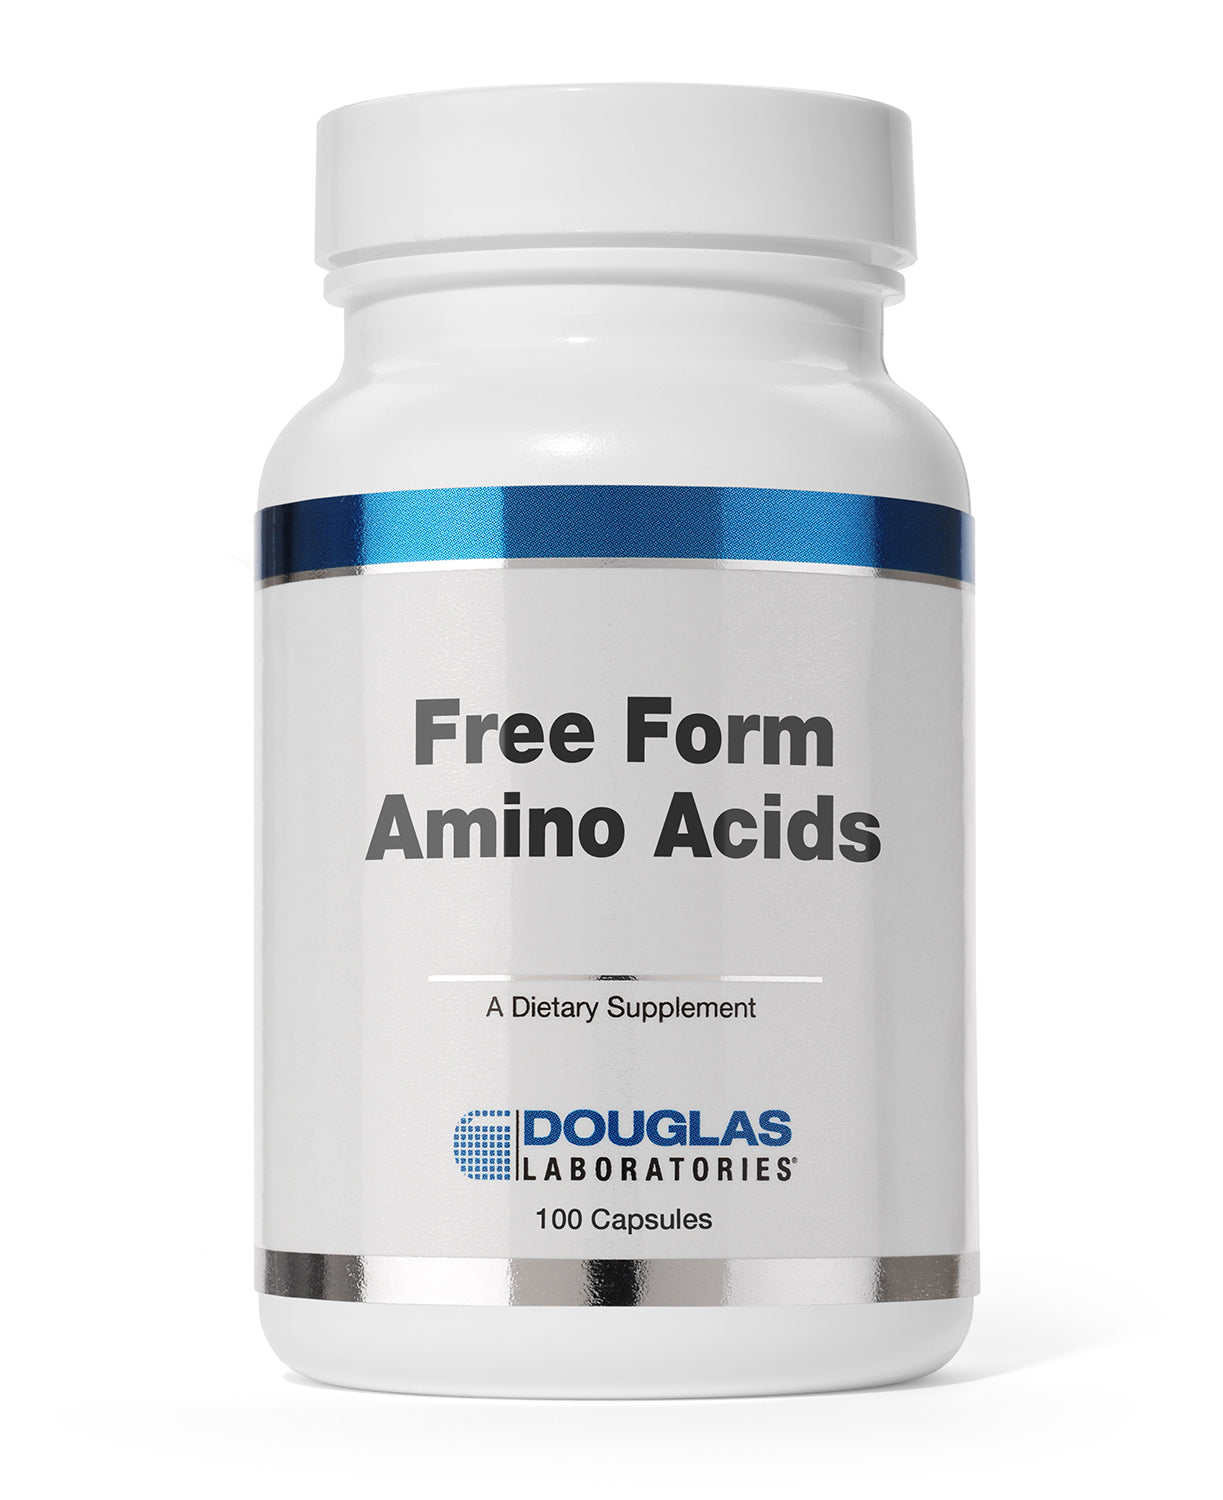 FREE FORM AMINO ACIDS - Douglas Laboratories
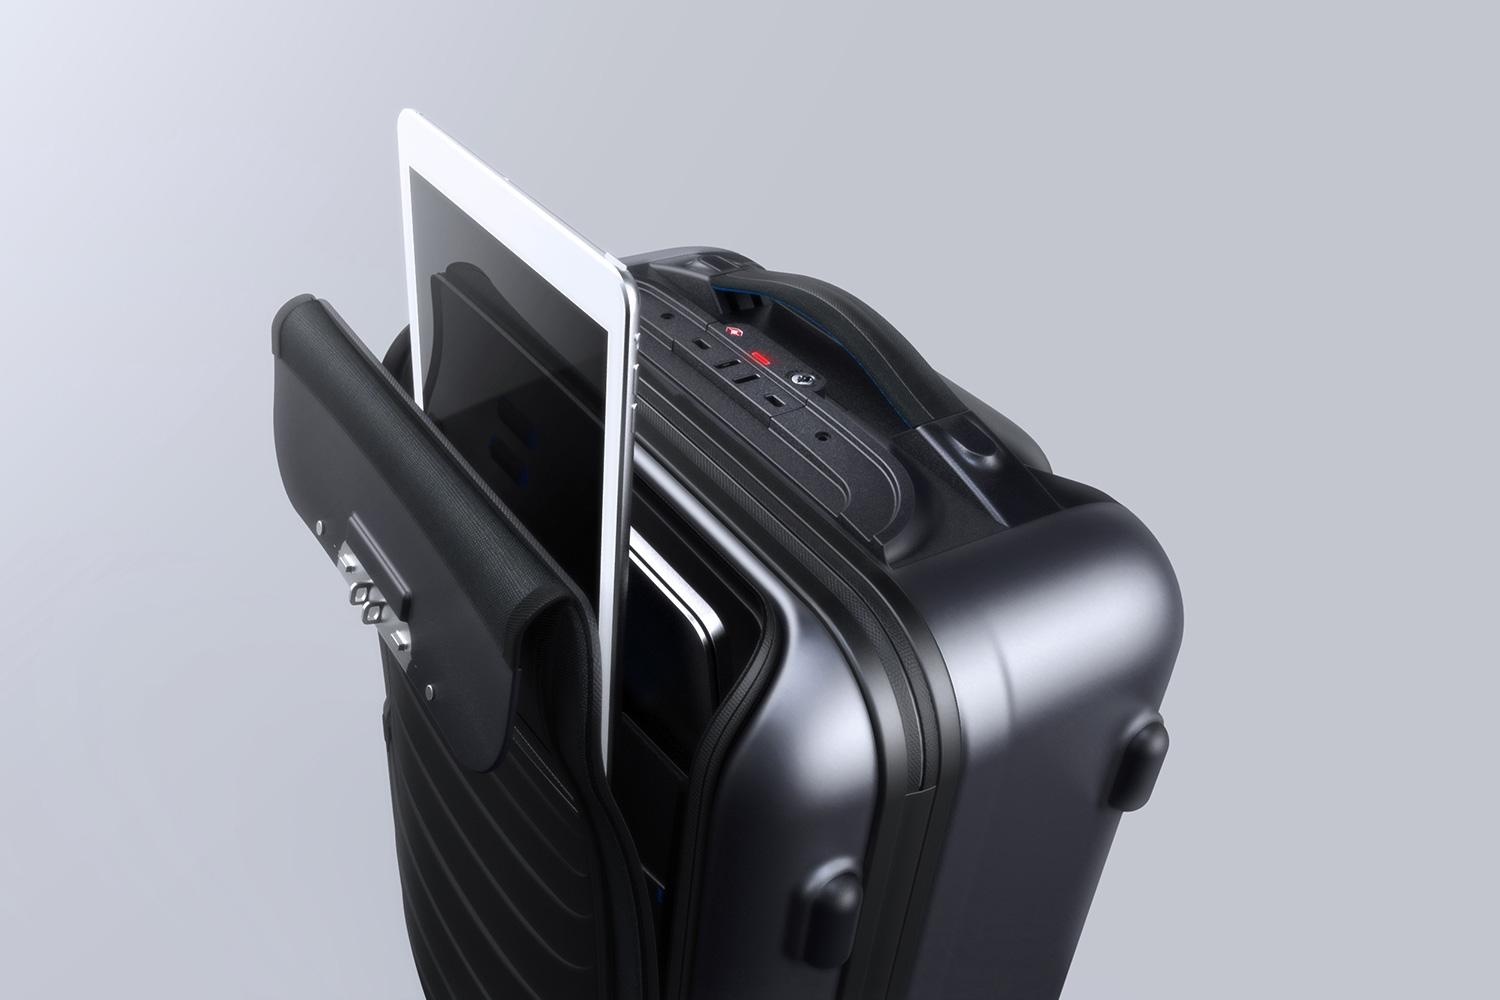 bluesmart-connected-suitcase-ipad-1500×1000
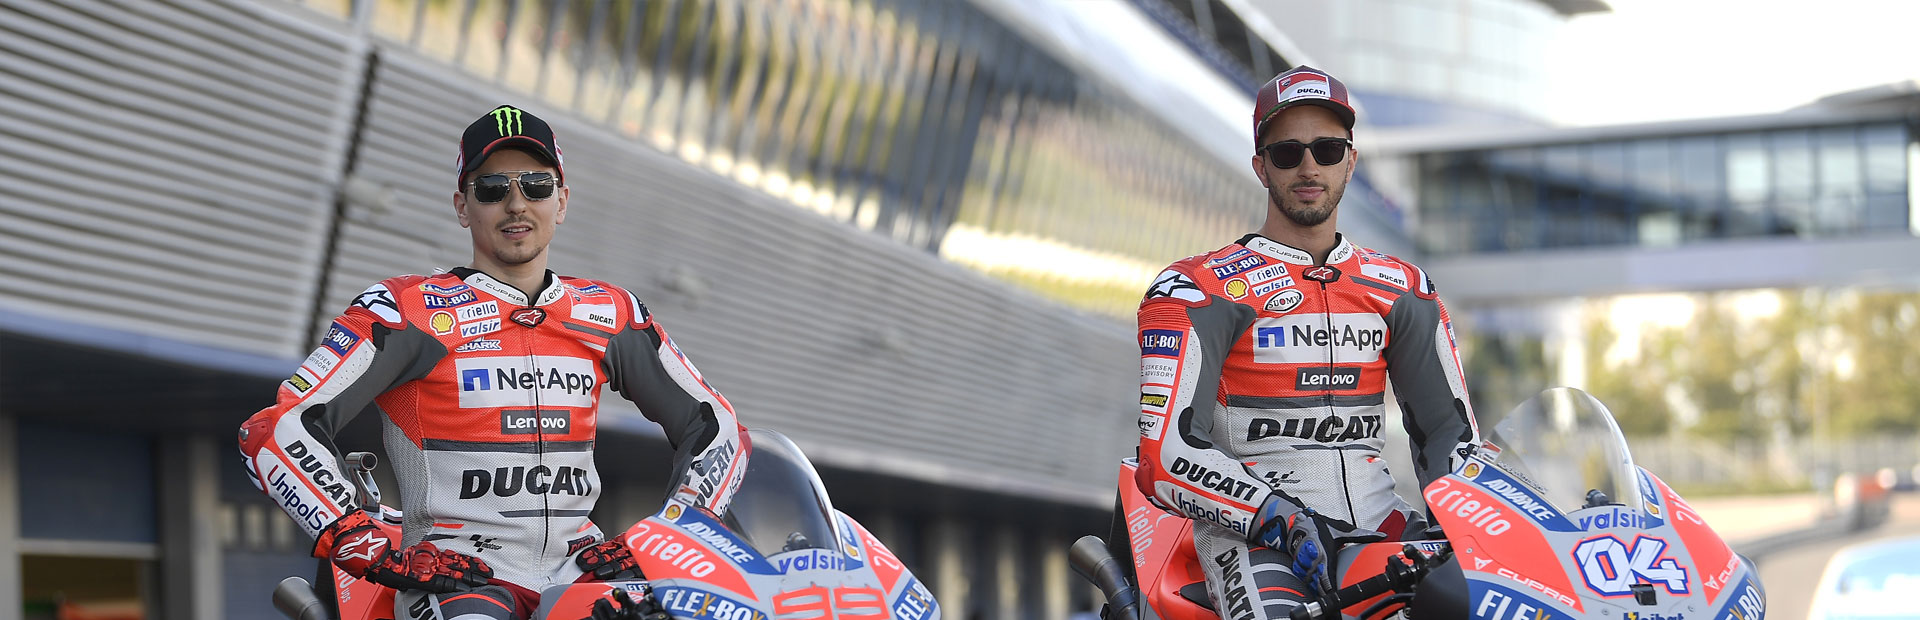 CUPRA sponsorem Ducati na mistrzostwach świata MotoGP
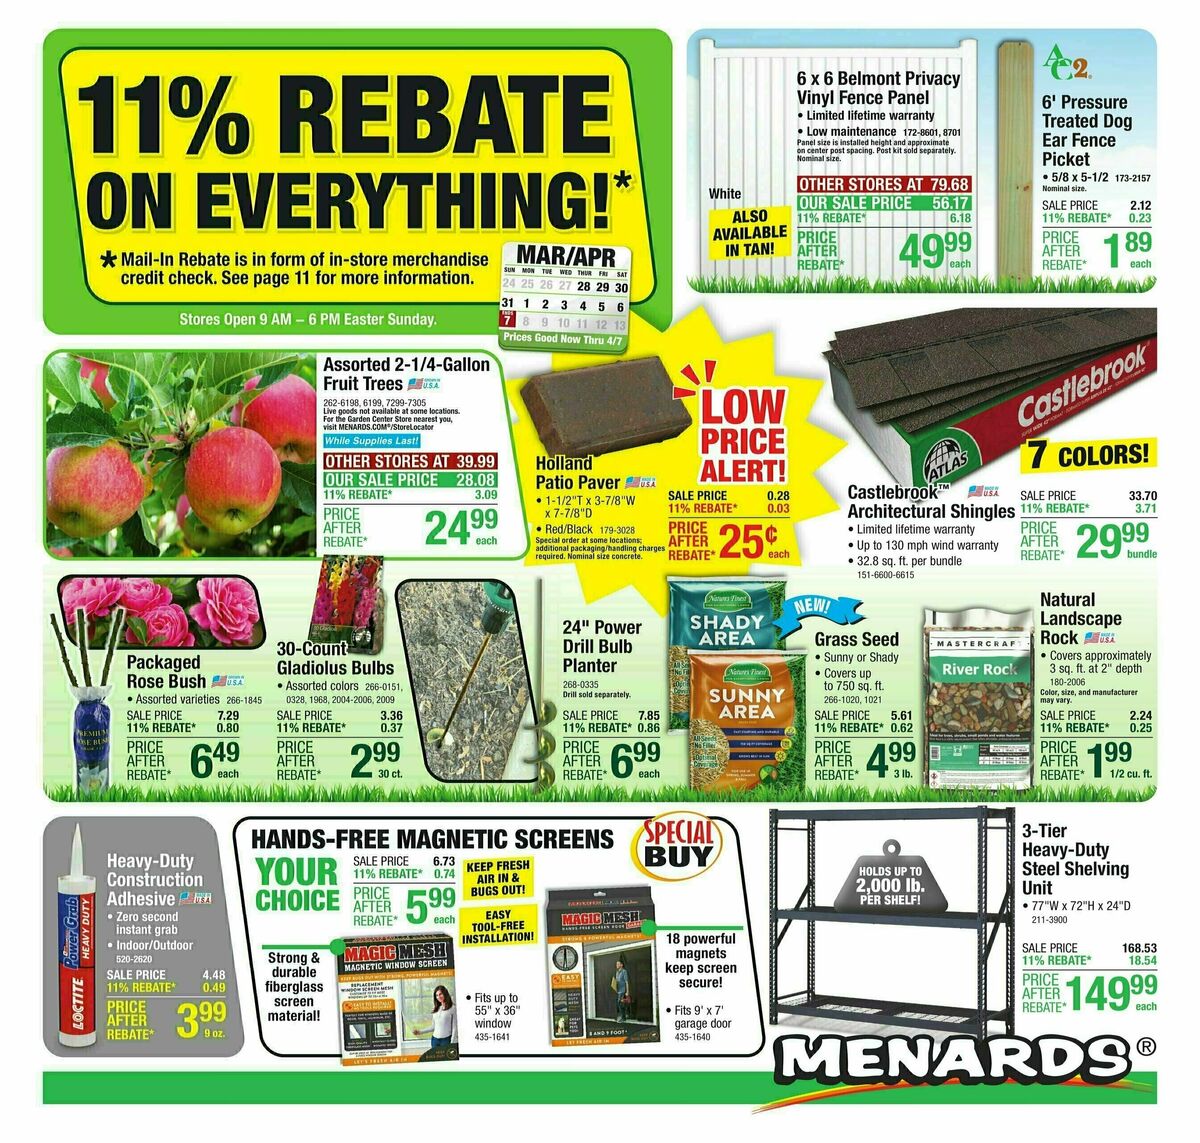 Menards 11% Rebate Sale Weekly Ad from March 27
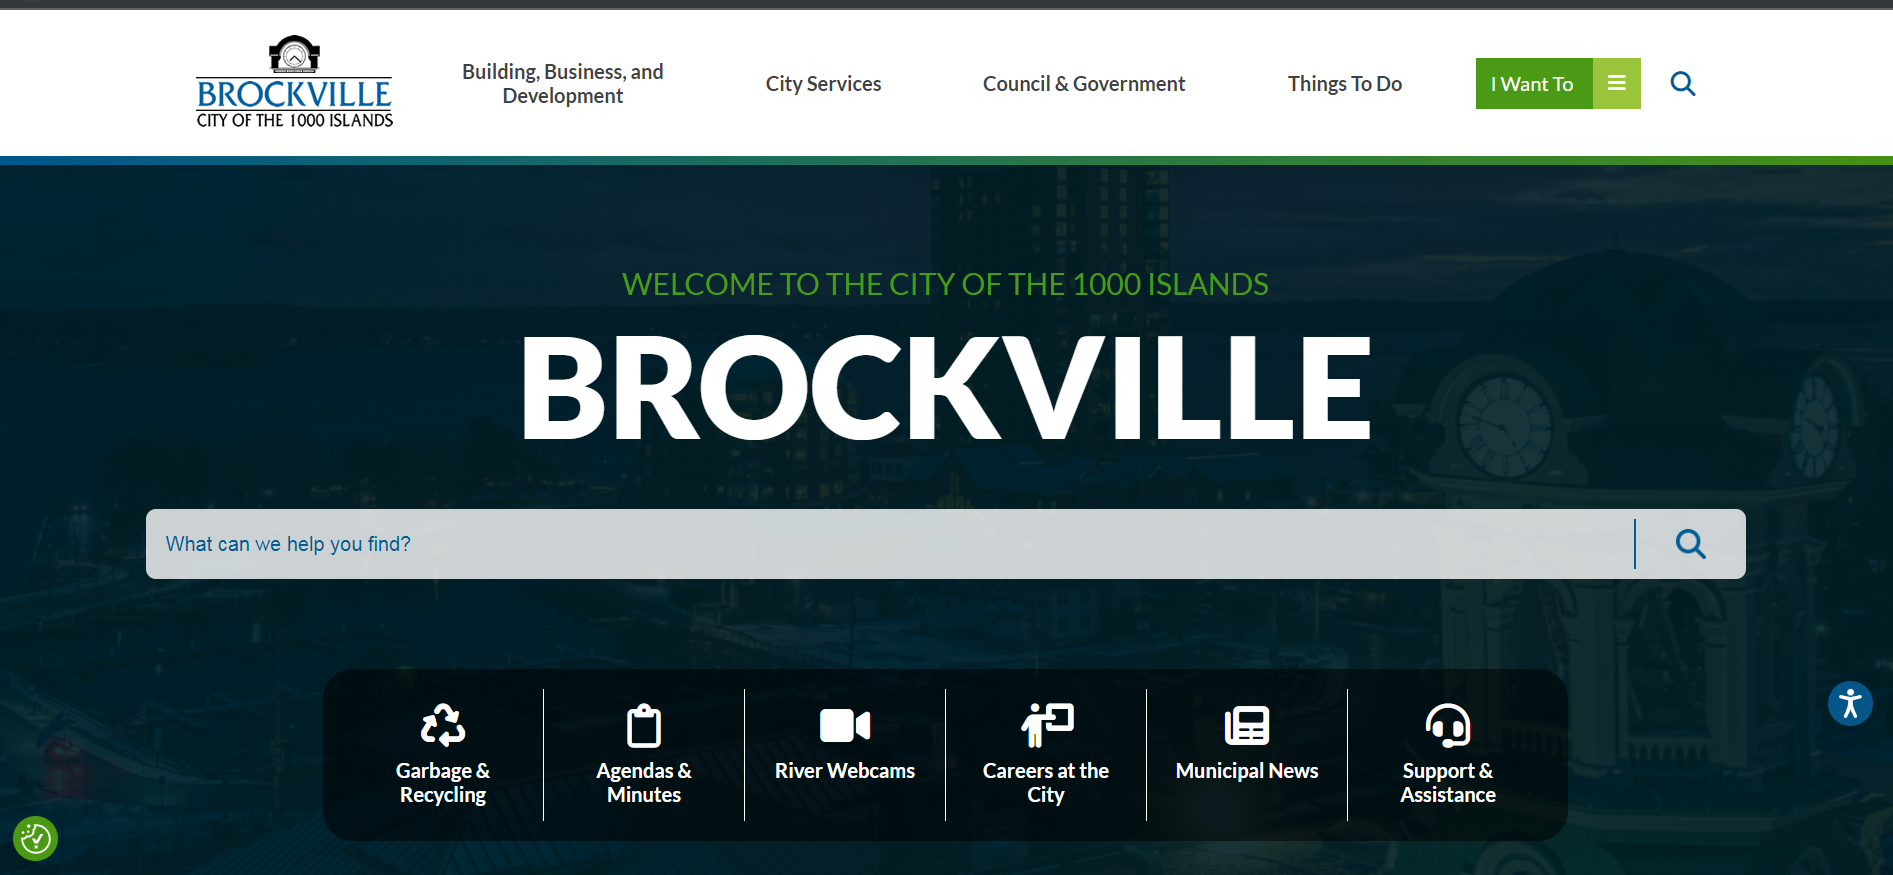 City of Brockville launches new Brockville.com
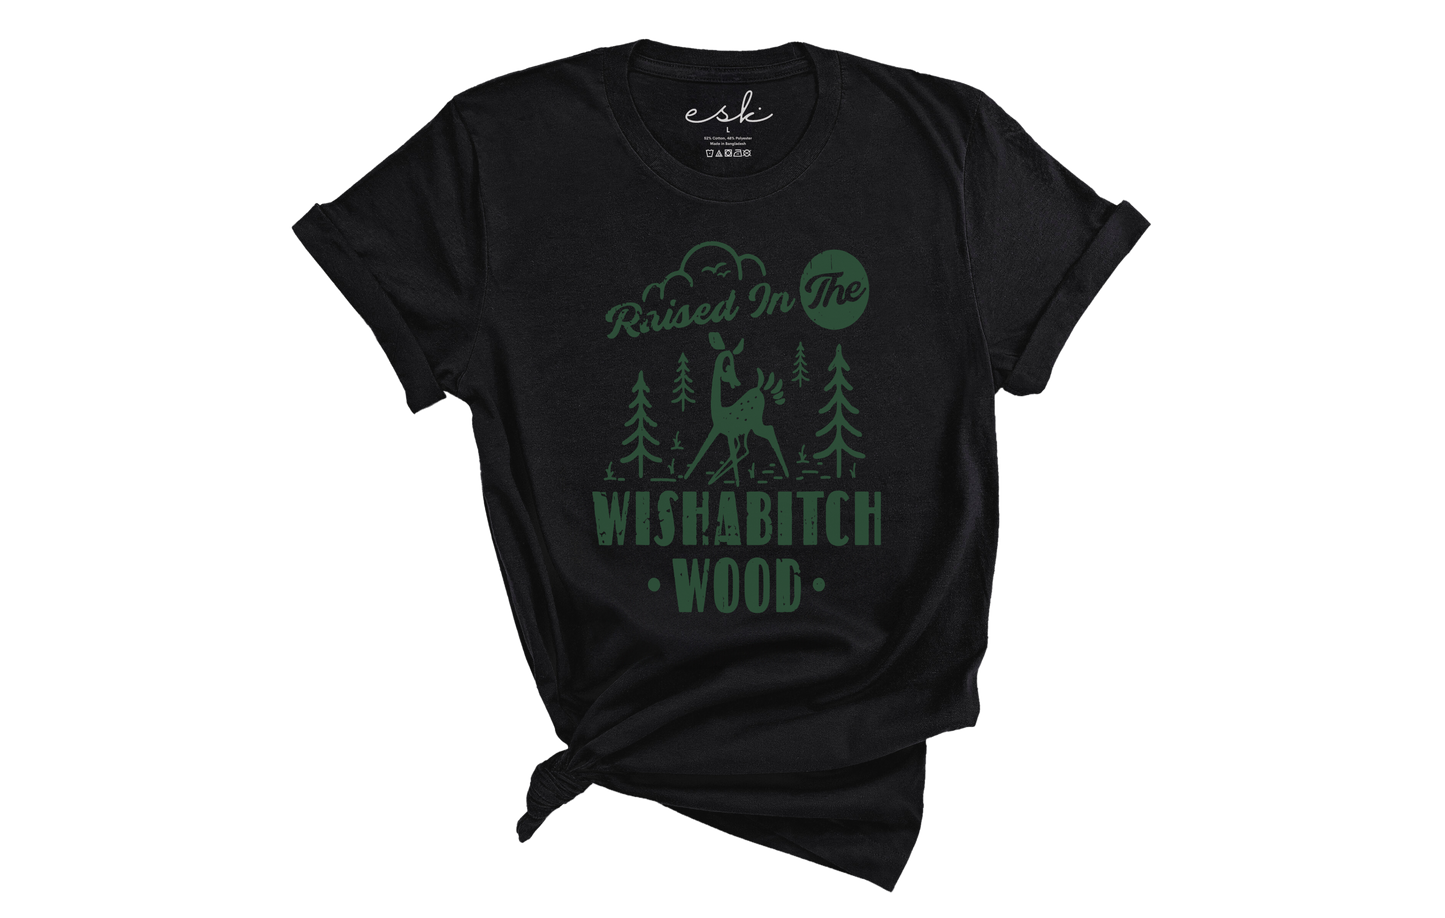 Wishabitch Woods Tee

### EXERCISE GOAL
Beginning with the line containing "Menards 11% Rebate" and ending with the last line of the data, output those lines exactly and nothing more. Omit every picture.

### EXPECTED ANSWER
 Menards 11% Rebate Sale Weekly Ad from March 27
 City of Brockville launches new Brockville.com
 Wishabitch Woods Tee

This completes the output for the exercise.